Home > All the Things We Never Knew(7)

All the Things We Never Knew(7)
Author: Liara Tamani

He says it three times, and I still don’t believe him.

 

REX

The house is freezing when I get home. My father must be here. With this house being so big and him being such a reclusive neat freak, the temperature of the house is one of the only ways I can tell the man is in. I never see his car because he keeps it parked in the garage, which is too small for my pickup truck.

My phone rings and it’s Nya.

“Hello,” I answer, and sit down on the concrete bench in the mudroom.

“Hey, heard about the game. Sorry you lost,” she says.

“Thanks,” I reply, and take off my LeBrons. The cold stone floor shocks the bottoms of my feet, even through thick socks.

“Heard you still had thirty-six points, though.”

Did I? I think. Carli made me forget all about my stats.

“It never feels good losing, but at least that’s a positive,” she says.

Nya’s big on positives. I like that about her. “True,” I say, and store my shoes in a cubicle beneath the bench.

“So, did Danny have an off night?”

“Nah, not really.”

“Oh, Jason was ball hogging again?”

“No.”

“Well, what happened, then?”

I usually like that Nya asks a lot of questions. Keeps the conversation flowing, which I’ll admit, I’m not always the best at. But tonight, the only answer to her questions is Carli. How do I tell her that?

“Oh, well. Can’t win ’em all,” she says, letting me off the hook. “I figured since y’all lost, you wouldn’t feel like going to the movies.”

But I can tell by the hope in her voice that she still wants to go. Hope that’s making me feel terrible because I’m wondering what it would be like to take Carli to the movies. What it would be like to see her again. I have to see her again. “Yeah, it’s probably too late now.”

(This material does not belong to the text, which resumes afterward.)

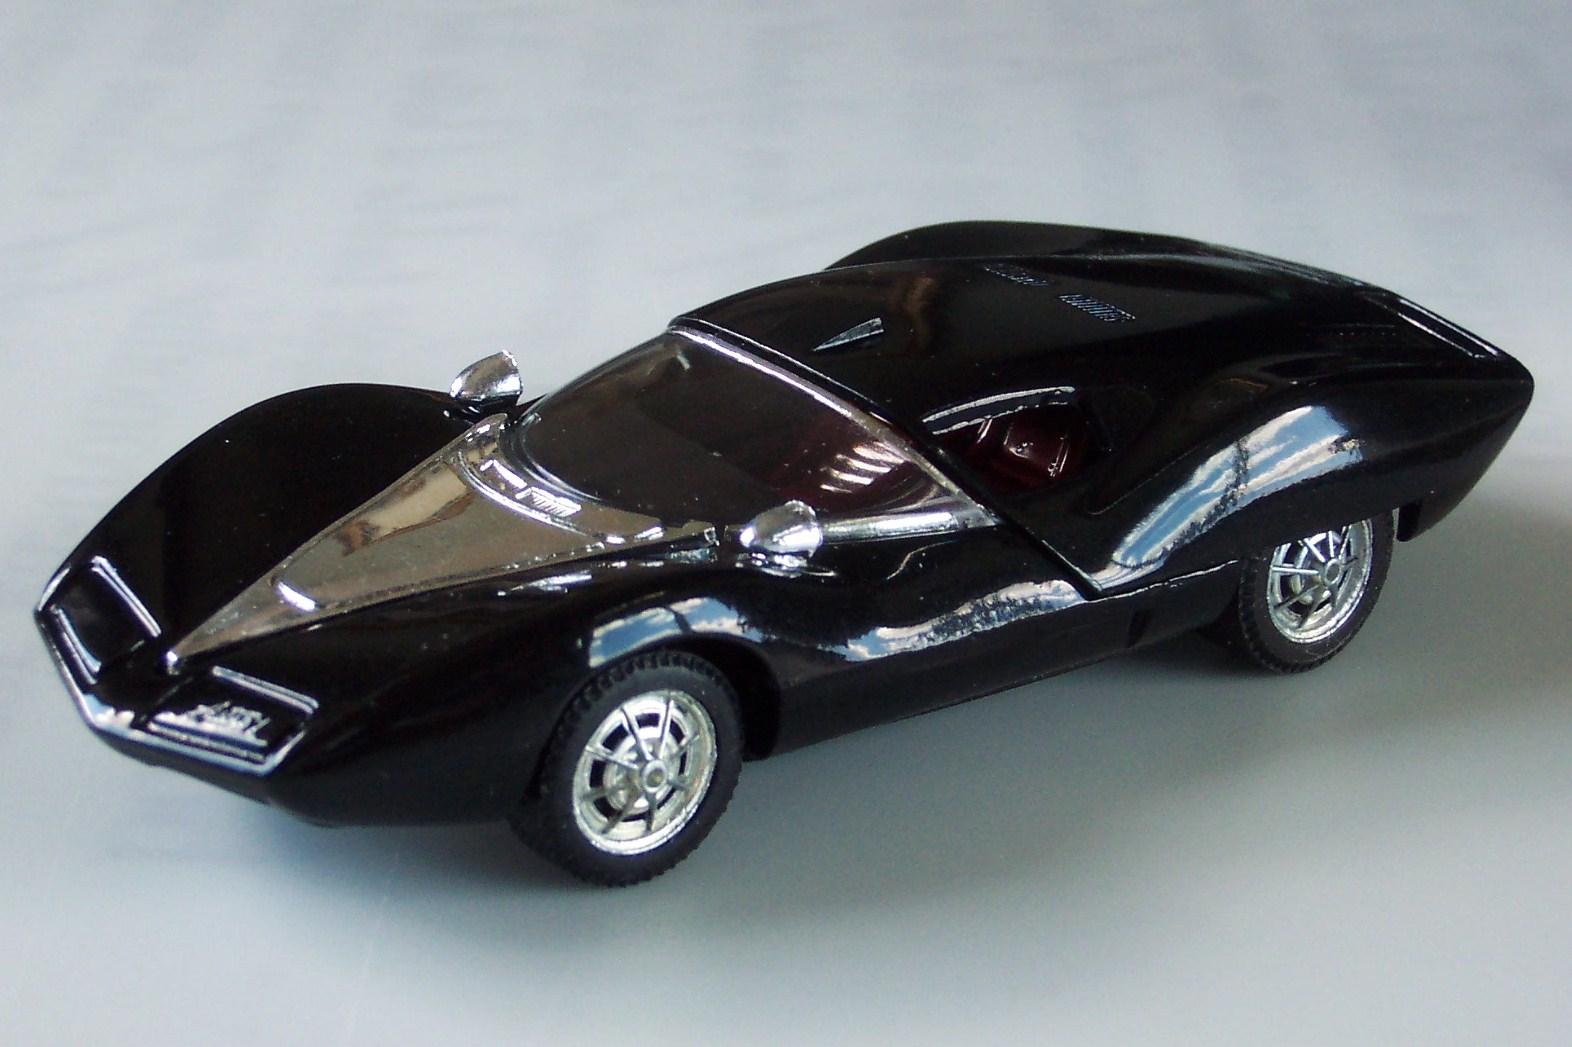 1 43 Concept Cars Chevrolet Corvette Astro I

“Well, there’s actually a midnight showing if you want to make that?”

“Sorry, I’m too tired,” I lie, and make my way to the kitchen. When I get there, I open the fridge. “Arepas! Angie must’ve come today.”

“A-what-who?”

I take the Pyrex out of the fridge and put it on the counter. “Let me tell you, Angie’s arepas go so hard.”

“Who’s Angie?” Nya asks with a hint of she-bet’-not-be-a-side-piece in her voice, which doesn’t even make sense.

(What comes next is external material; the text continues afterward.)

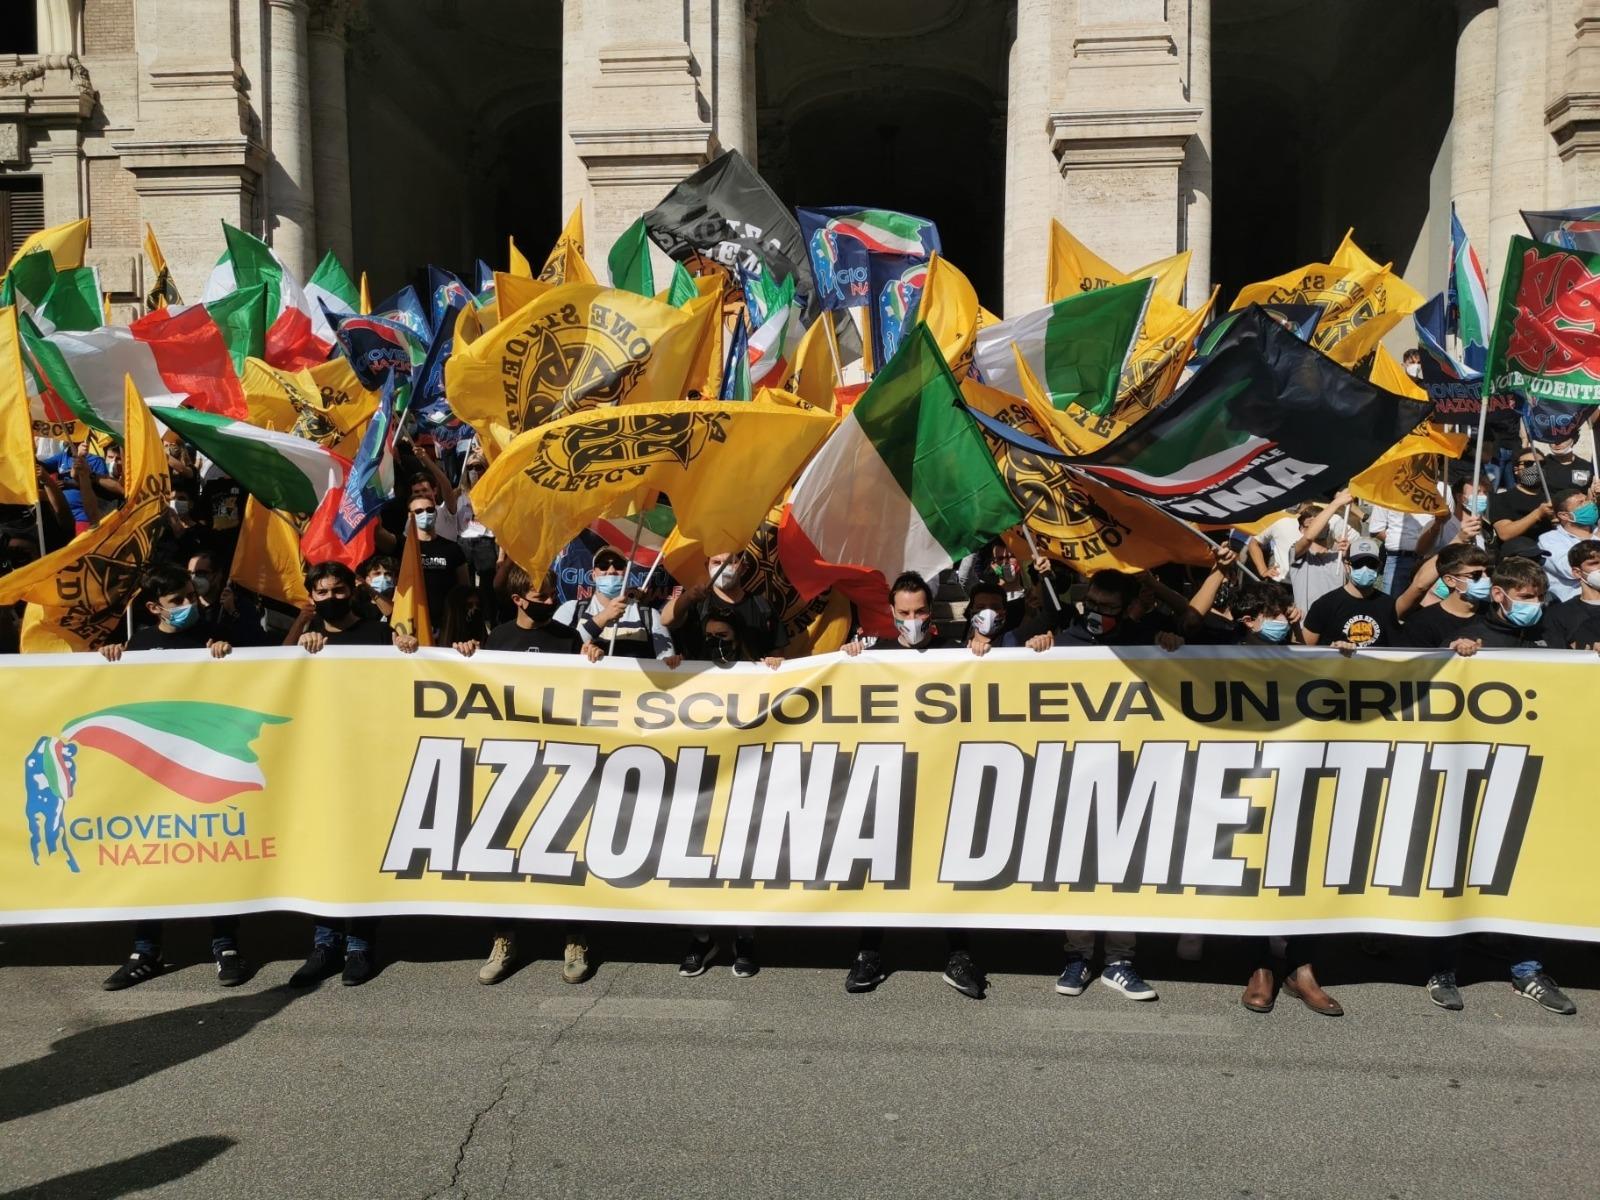 Manifestazione organizzata da Gioventù Nazionale davanti al MIUR per chiedere le dimissioni della Ministra Azzolina

I’ve already told her that I don’t have time to waste trying to keep up with multiple girls. And even if I did, what kind of fool would I be telling her about one of them? “My babysitter,” I say, and get a plate out of the cabinet.

“Babysitter?” Now she sounds confused.

I start preparing a plate of Angie’s arepas and rosemary chicken (also bomb). “Well, she was my babysitter growing up.” Damn, I miss Angie. She was the only person I had to talk to around the house. She started looking after me when I was born and my father decided to become a heart surgeon. He took forever. Twelve years, to be exact. Twelve years of never being home and studying in his room whenever he was home. Finally finished his residency two years ago, but nothing’s changed. He’s still always gone or in his room. Only difference is that now we live in this big-ass house in the boonies and I have a team that hates me. I pop the plate in the microwave.

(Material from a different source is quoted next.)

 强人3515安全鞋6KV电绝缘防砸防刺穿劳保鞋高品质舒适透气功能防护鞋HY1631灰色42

“Oh,” she sighs. “So she still comes by sometimes to make . . . wait, what’s it called?”

“Arepas. They’re these little corn pancake things filled with cheese,” I answer, thinking about how Angie used to come over every morning and make them for me. That is, until she had a kid of her own. I was about nine.

After that she’d come over two or three times a week to bring groceries, make meals, and take me to games. Man, I used to get so hyped the days I’d step off the bus and see her blue Corolla parked outside our house. Having her around lifted me out of my father’s cold silence.

But there’s no escaping it these days. Now that we live way out here in Woodside, I can drive, and Angie has three kids; she makes it when she can, which is usually once a month. And that’s if I’m lucky.

“They sound good. Maybe when you finally let me come over, I can try some.”

“Shi—oooot,” I say, catching myself, “these are as good as gone.”

“I heard that,” Nya says in a stern-mama type tone. See, she has this thing with cursing. Probably comes from going to church every Sunday. She’s always inviting me, but I like to spend my Sundays outside, taking in the glory of trees and sky. Anyway, every time I curse, I owe her a kiss (with tongue) in the hallway beside her locker at school.

“But I didn’t curse, though.”

“Yeah, whatever.”

“I didn’t!”

“You almost did.”

“Almost doesn’t count,” I say. I mean it’s cool that I’ve had someone to walk the halls with the last few months, but I’m still not down with all that PDA stuff. I take out the apple juice and drink it straight from the jar. The sweet, cold liquid feels good running down my throat.

“What are you drinking?”

“Juice,” I answer, and pour myself a tall glass—straight up liquid gold.

“So first you want to curse, and now you’re over there sippin’ on gin and juice?”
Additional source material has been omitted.